I did ok, but could have done better. I guess I could blame my poor shooting!! Chris you saw my bad shooting!! Trust me guys it was bad. But had a blast watching the geese migrate through the state again. I cant get enough of this snowgoose hunting. Most of my hunting was over decoys. Just wait until next year guys they are going to be even more wary then they are now! With Manitoba legalized the E-caller during the fall hunting. This could really screw things up. I don't know if Sask did the same thing, I hope they didnt!

_________________
"If it fly's it dies"

[ This Message was edited by: GooseBuster3 on 2002-04-25 16:50 ]

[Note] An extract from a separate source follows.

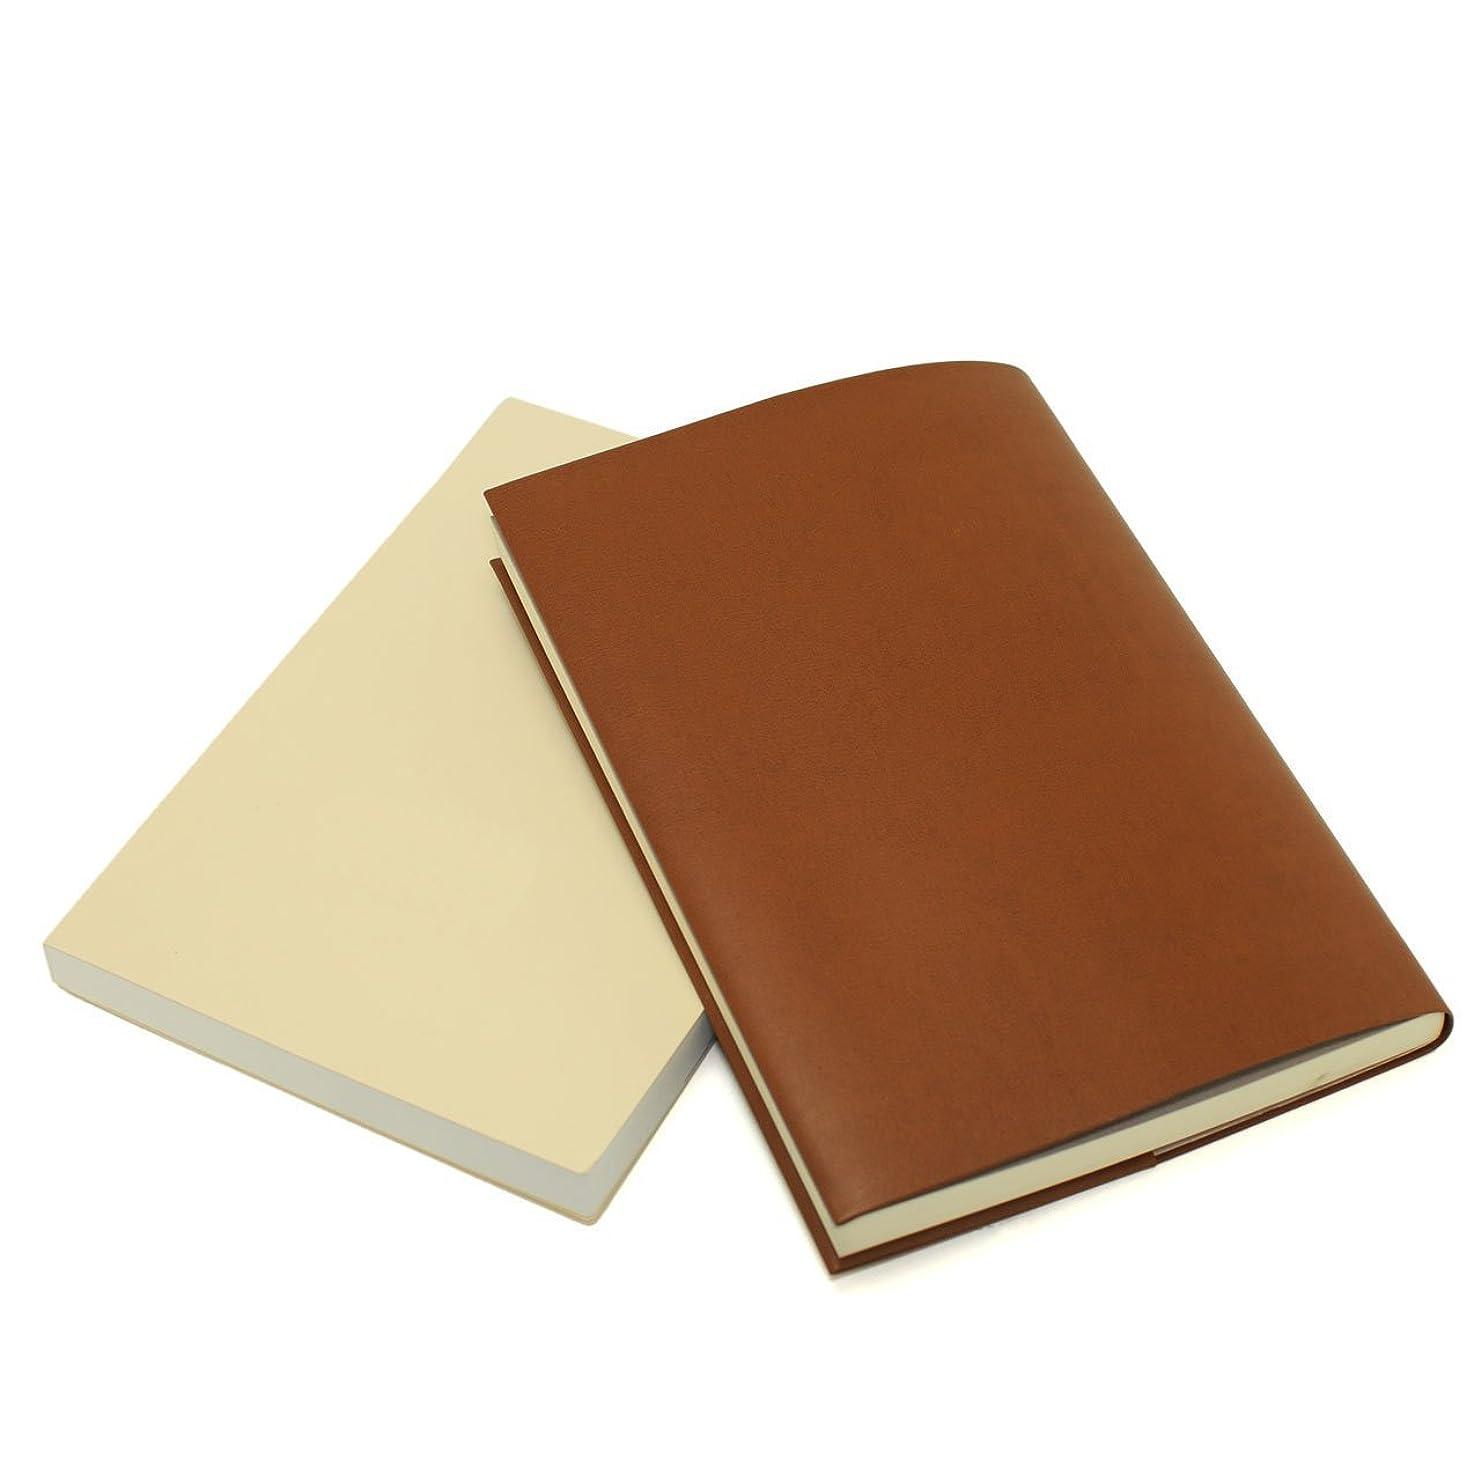 反響するパイル太字お手入れいらずのほぼ日手帳カズン対応 A5サイズ リサイクルレザー カバー (キャメル)

[ This Message was edited by: GooseBuster3 on 2002-04-25 16:50 ]


----------



## Fetch (Mar 1, 2002)

I got 2 :grin: only hunted part of one day. Most we found on the ground were on posted land. I'm getting to old for the sneak thing, even when it's dry - But got to spend the better part of a day with my son & that does'nt happen like it used to. & I sure miss that.


----------



## KEN W (Feb 22, 2002)

Both Man. and Sask. have legalized the e-caller this fall.It was a Federal decision.


----------



## GooseBuster3 (Mar 1, 2002)

Well I, guess I will have to use the e-caller, the next time I head up to Sask.


----------



## KEN W (Feb 22, 2002)

I guess I look at it this way.If it is going to be legal we might as well use them.Plus we for a change will get first crack at them up there before the southern boys do in Feb and all up the flyway.By the time they get here in the spring they have been hearing e-callers for over 2 months.


----------



## GooseBuster3 (Mar 1, 2002)

Hey why not use them!! It will just be slaughter house up there,haha. So many snows so little time!!!


----------